(TASK TO CARRY OUT) The output should contain the listing word for word and no pictures.

=== DATA SEGMENT ===

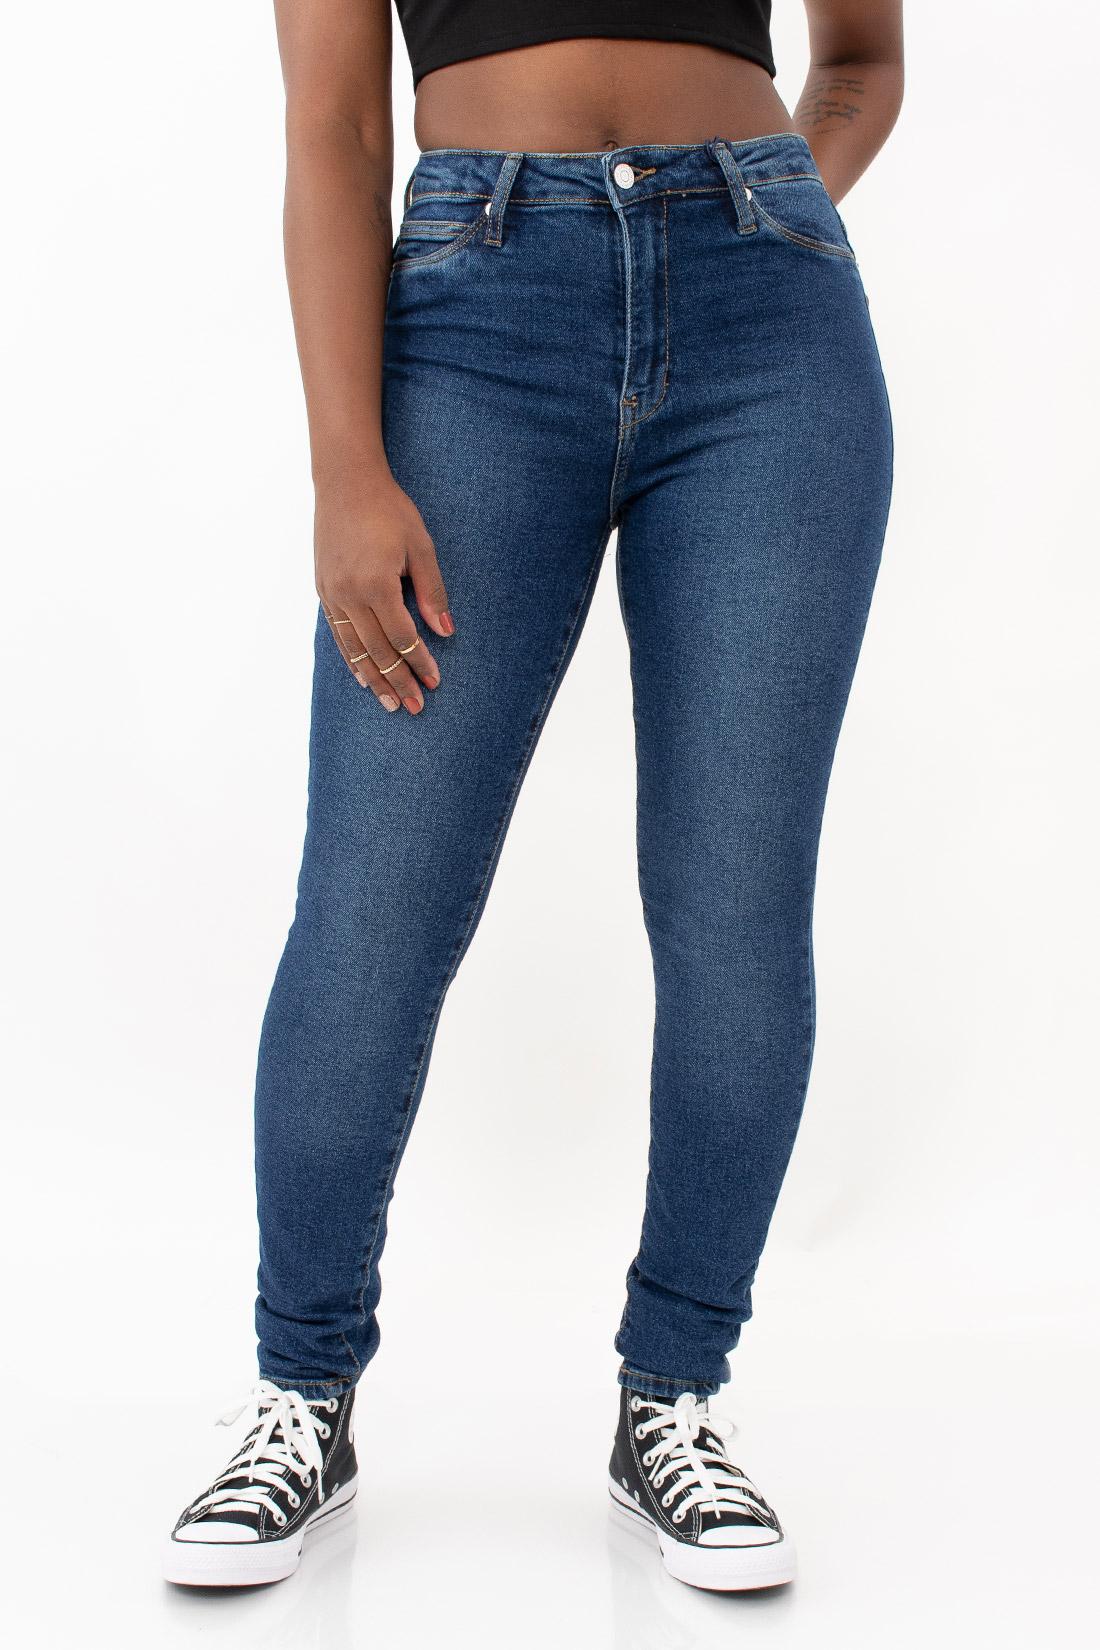 Calca Jeans Tommy Hilfiger Sylvia
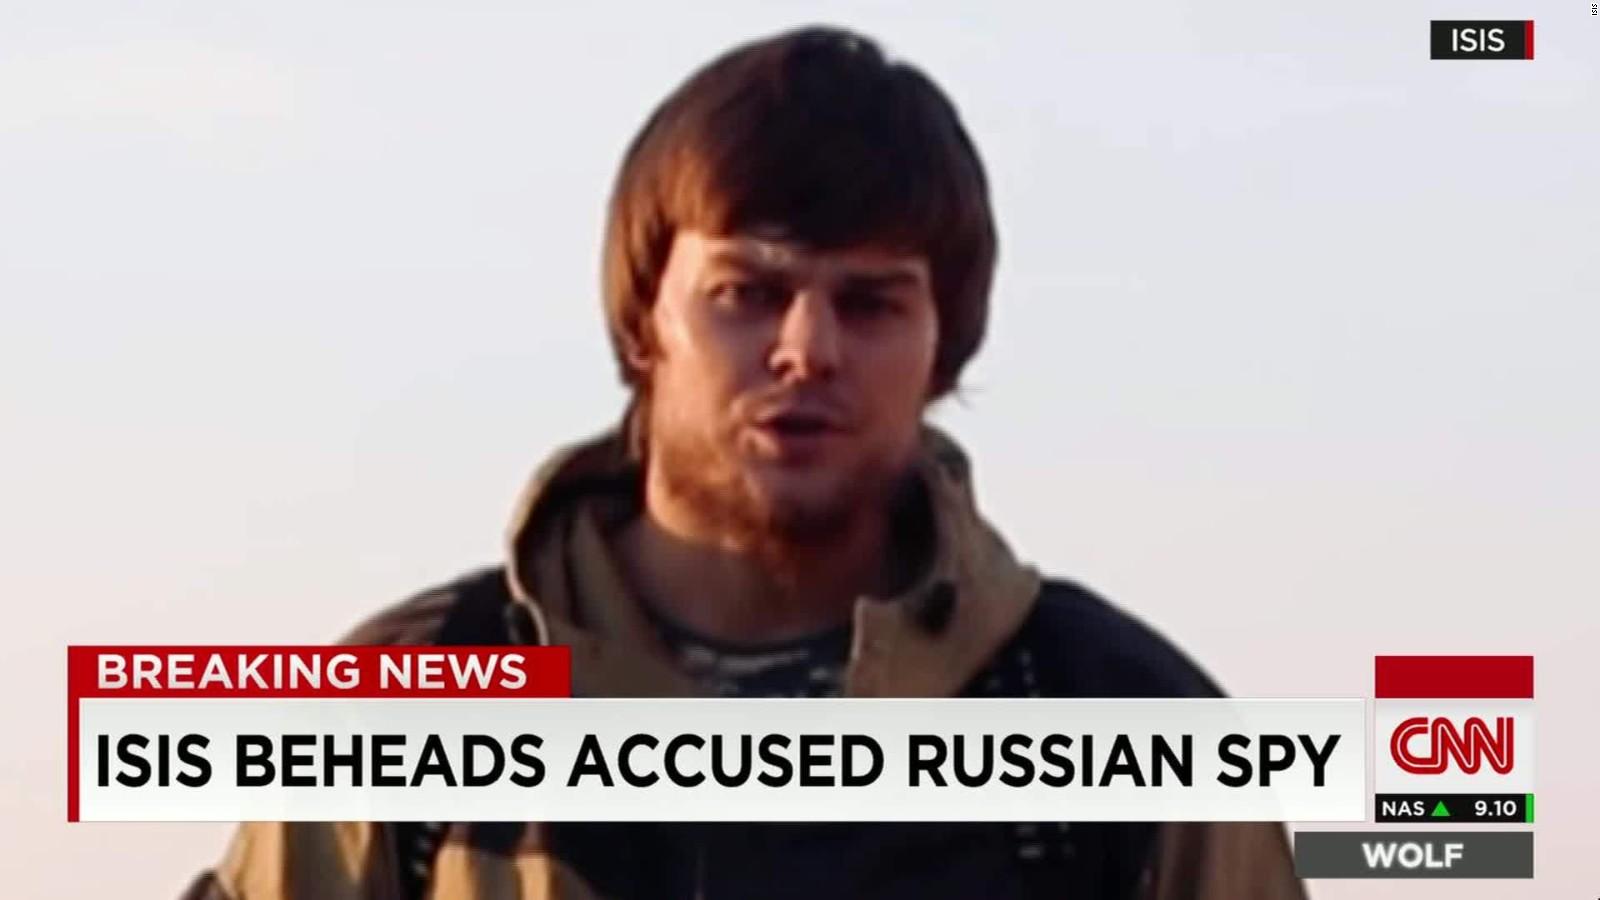 ISISBeheadsRussianSpy.jpg
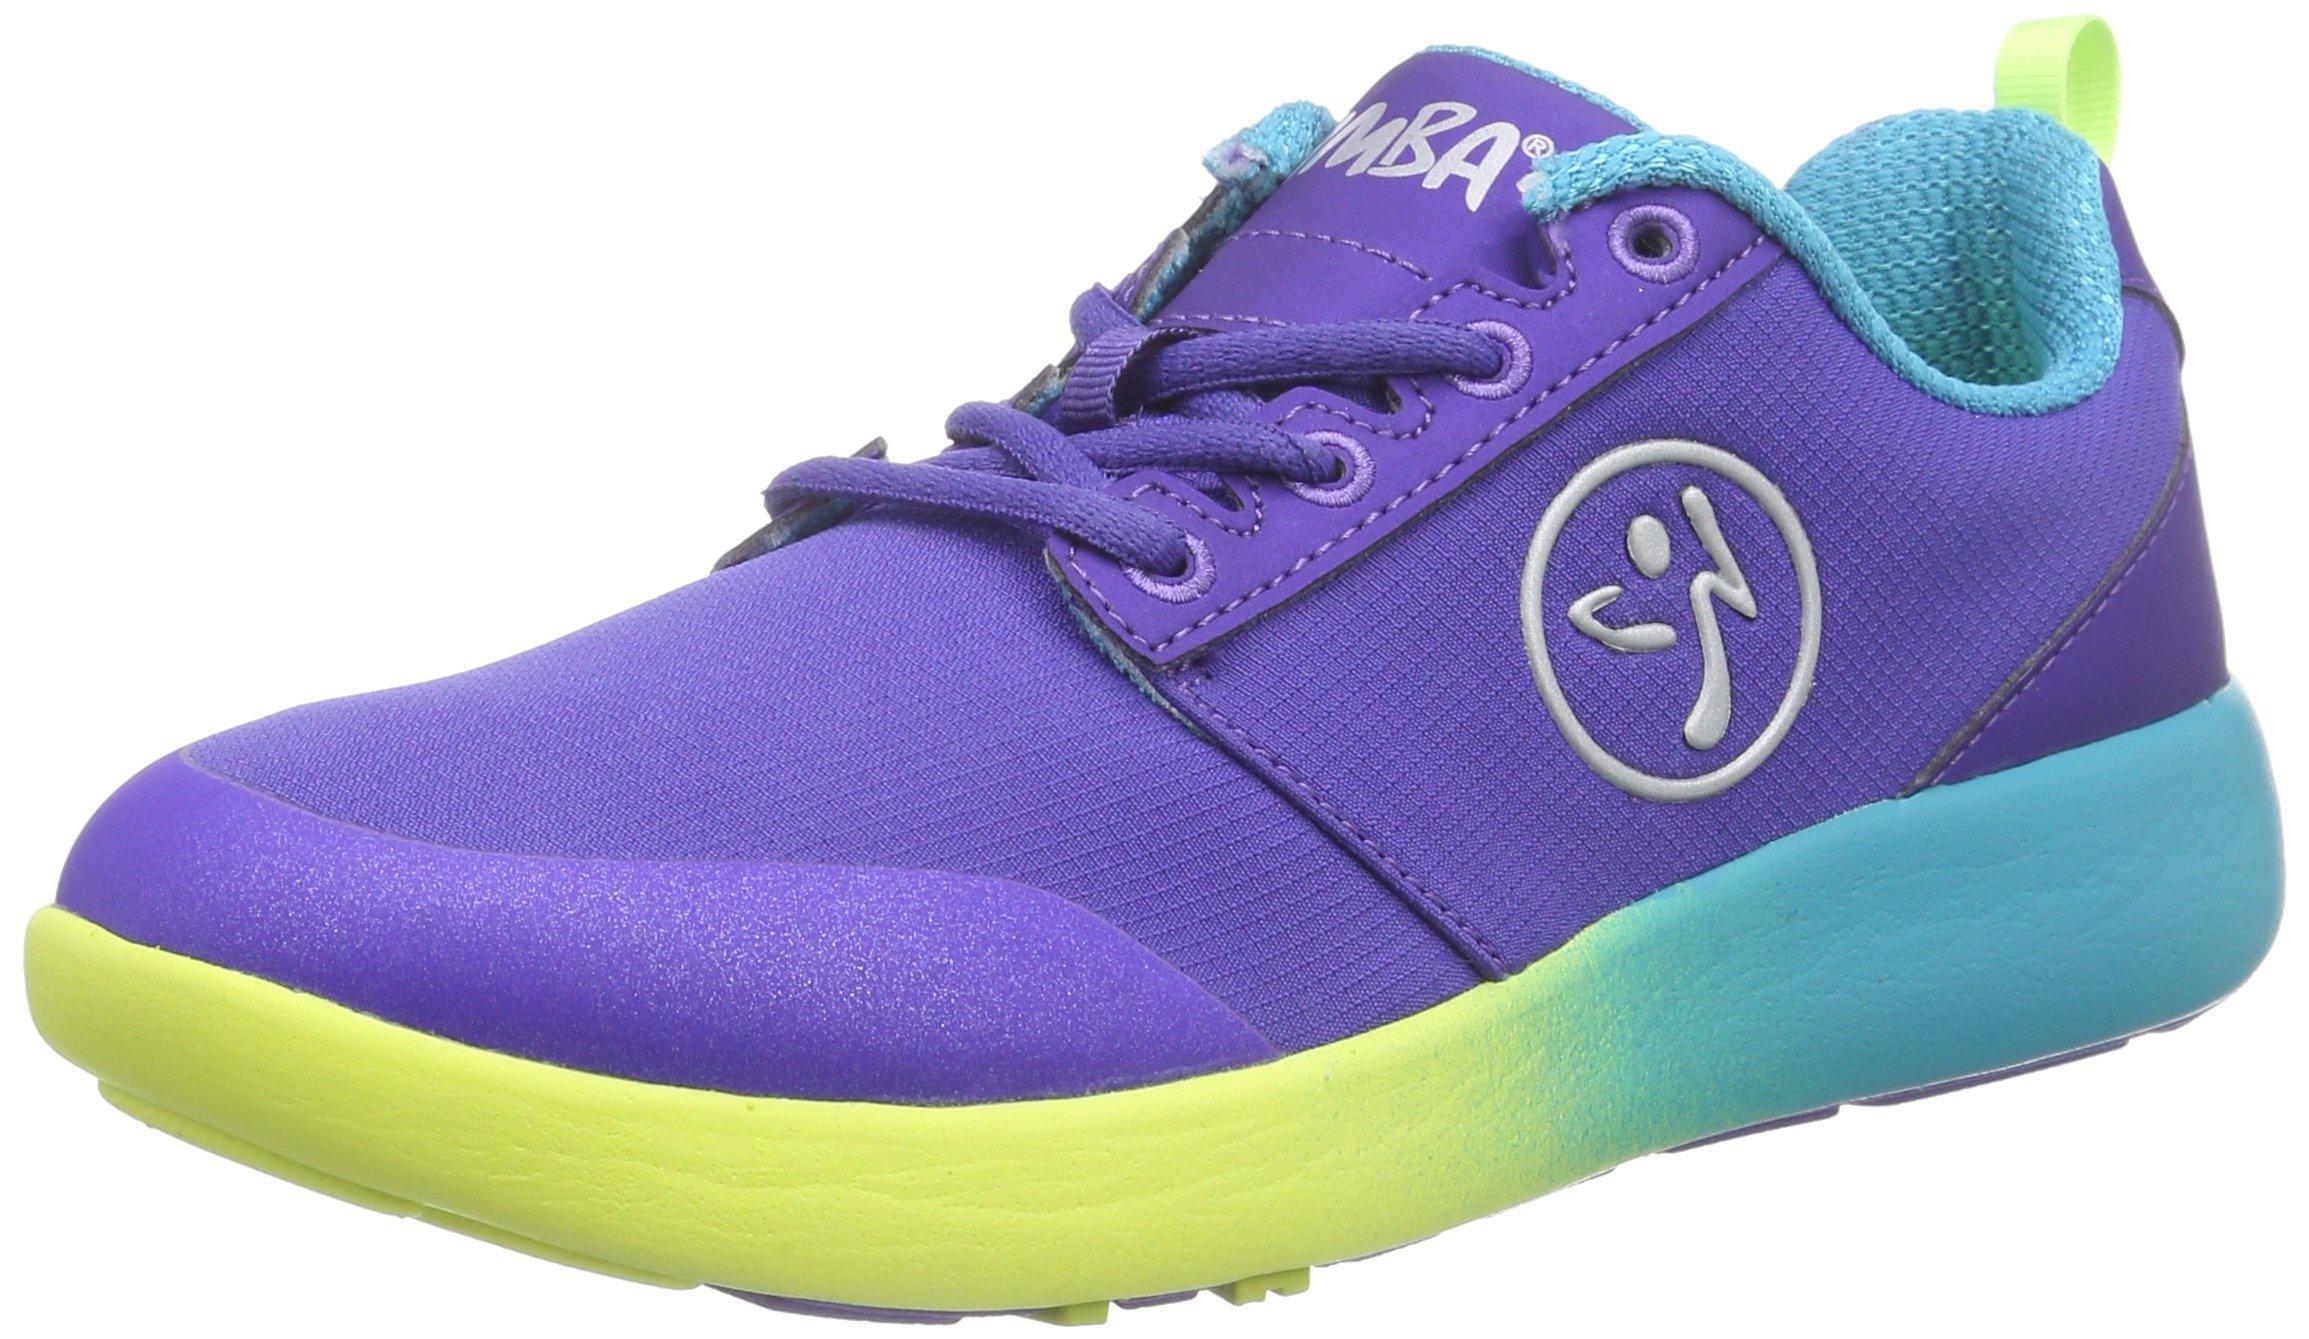 Zumba Women's Court Flow Dance Shoe, Purple, 6 M US

===

(RESPONSE BOX)
 Calca Jeans Tommy Hilfiger Sylvia
 ISISBeheadsRussianSpy.jpg
 Zumba Women's Court Flow Dance Shoe, Purple, 6 M US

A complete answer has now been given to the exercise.